Returns on super senior tranches were fairly low, because the expected loss was low. Until all of the tranches beneath the super senior get wiped out completely, the super senior noteholder receives principal and interest payments. In short, the investment is "money good". In a mark-to-market world, however, lack of principal loss is not a defensible basis for valuing the instrument at par. As defaults mount, the probability of taking losses — i.e., of the investment not being money good — increases. Much more importantly, however, from a fair value perspective the price at which the investor can sell the position will decline. As more defaults occur, the rate of that price decline increases. Negative convexity begins to exert itself.

In addition, being at the top of the capital structure in a securitization means being short correlation. That is, as defaults become more correlated, the probability of default losses eating through the subordinate tranches increases. What happens when default losses increase not only in frequency and severity, but also in increasingly correlated fashion. The negative convexity compounds. Small increases in defaults lead to ever larger declines in valuation. To the degree that large balance sheet positions embed concentrated exposures to correlation, default probabilities, and a particularly difficult to capture interaction term between these two risk factors, the economic exposure rapidly becomes enormous.

Nonetheless, the degree of concentration and negative convexity of the super senior ABS CDO positions remained challenging to identify. First, liquidity in the relevant market did not really diminish markedly until summer 2007. That not only made positions appear less concentrated, but also spared market participants from having to spend lots of time and energy marking their super senior ABS CDO positions to model. But, of course, had they done so they would have been forced to confront the degree to which they had assumed concentrated exposures to certain risk factors such as cumulative loss and correlation. These market participants would have also been more likely to spot the negative convexity that, while present in all fixed income instruments, was particularly pronounced in super senior ABS CDOs with the high degree of subordination that made small changes in default rates relatively unimportant and effectively struck the implicit put option very far out of the money.

In addition, the concentrated positions had in part emerged as a result of very specific governance policies intended to minimize other risks.
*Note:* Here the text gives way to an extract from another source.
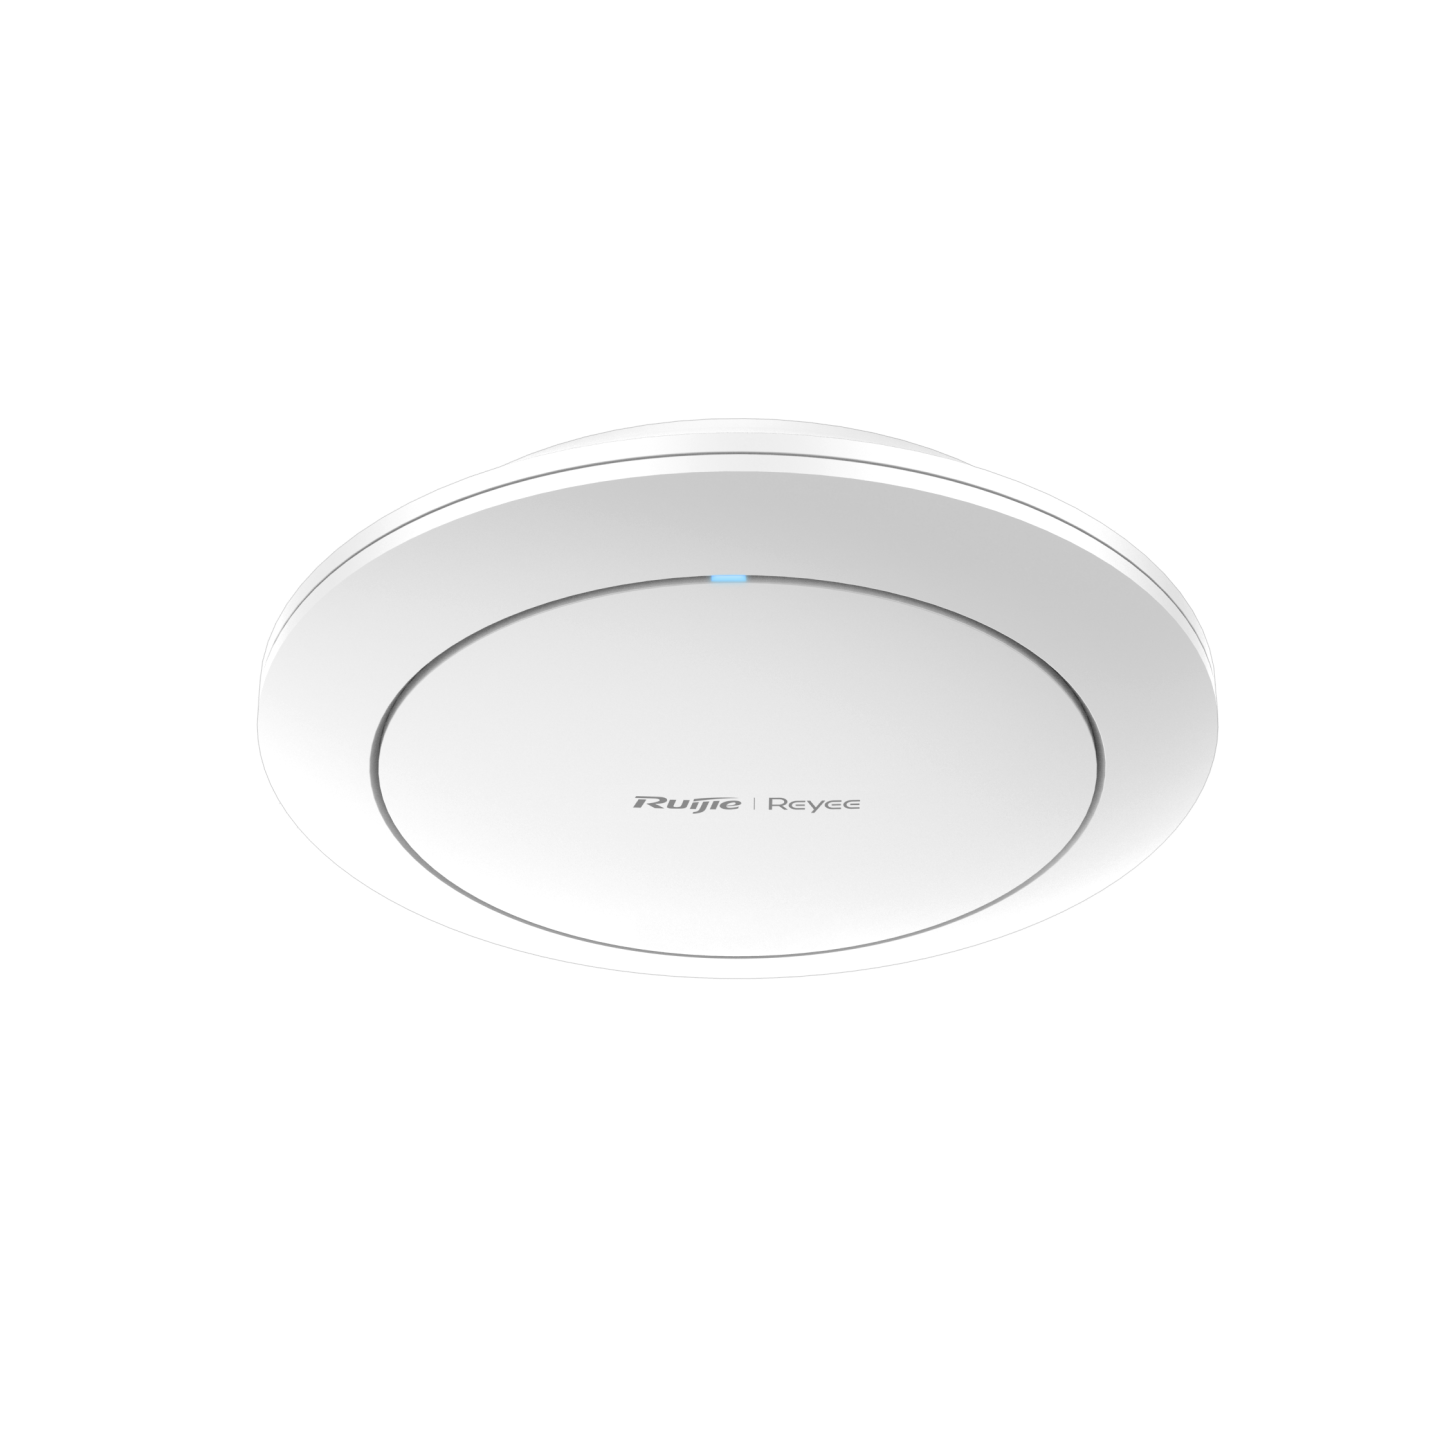 RG-RAP2266, Reyee Wi-Fi 6 AX3000 Indoor Ceiling-Mount Access Point
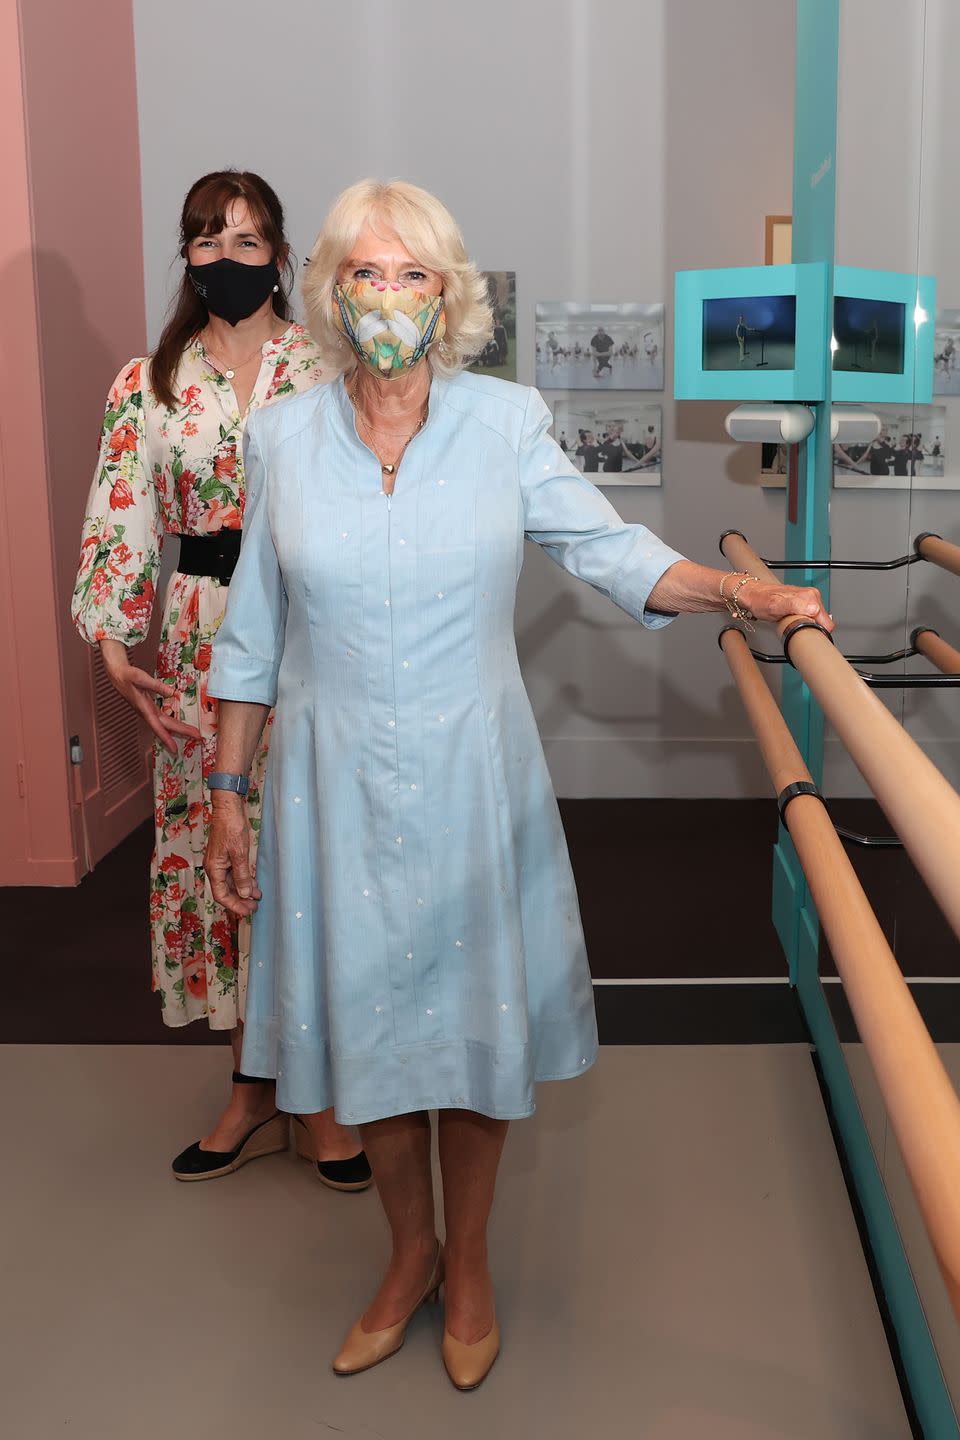 <p>The Duchess of Cornwall showed off her first position at the ballet barre while visiting the On Point: Royal Academy of Dance at 100 display at the V&A.</p>

For many years, it has been well understood that, with securitizations, it is possible for the structuring institution to sell almost all of the bonds yet retain much of the risk. During earlier periods of mortgage market stress, a number of structuring institutions were left with residuals and other equity tranches, resulting in large losses when defaults rose and liquidity ebbed. As a result, most financial institutions instituted strict limit structures intended to force the sale of these risky tranches. That's precisely what occurred with the subprime securitizations. But to make the riskiest tranches attractive to purchasers, these were priced attractively relative to expected cash flows. And since the overall cash flow from the underlying assets is invariant to the capital structure, the cost for skewing its distribution toward the lower tranches was that higher tranches such as super seniors that would be relatively overpriced and, thus, more difficult to sell. So governance mechanisms intended to limit one type of risk effectively led to others risks being assumed that were more complex and difficult to analyze.

If a firm were to have a concentrated position in a risk that suddenly became illiquid, that would clearly be bad. However, much worse would be a concentrated position with negative convexity that suddenly became illiquid. That trifecta is a risk manager's nightmare, as there is little to do once the markets start moving adversely and liquidity goes away, other than to hope. And as one head trader wisely said recently, "Hope is a crappy hedge." Combine this unhappy situation with risk that has begun to morph into less obvious forms and one starts to understand what occurred with super senior ABS CDO over the past nine months.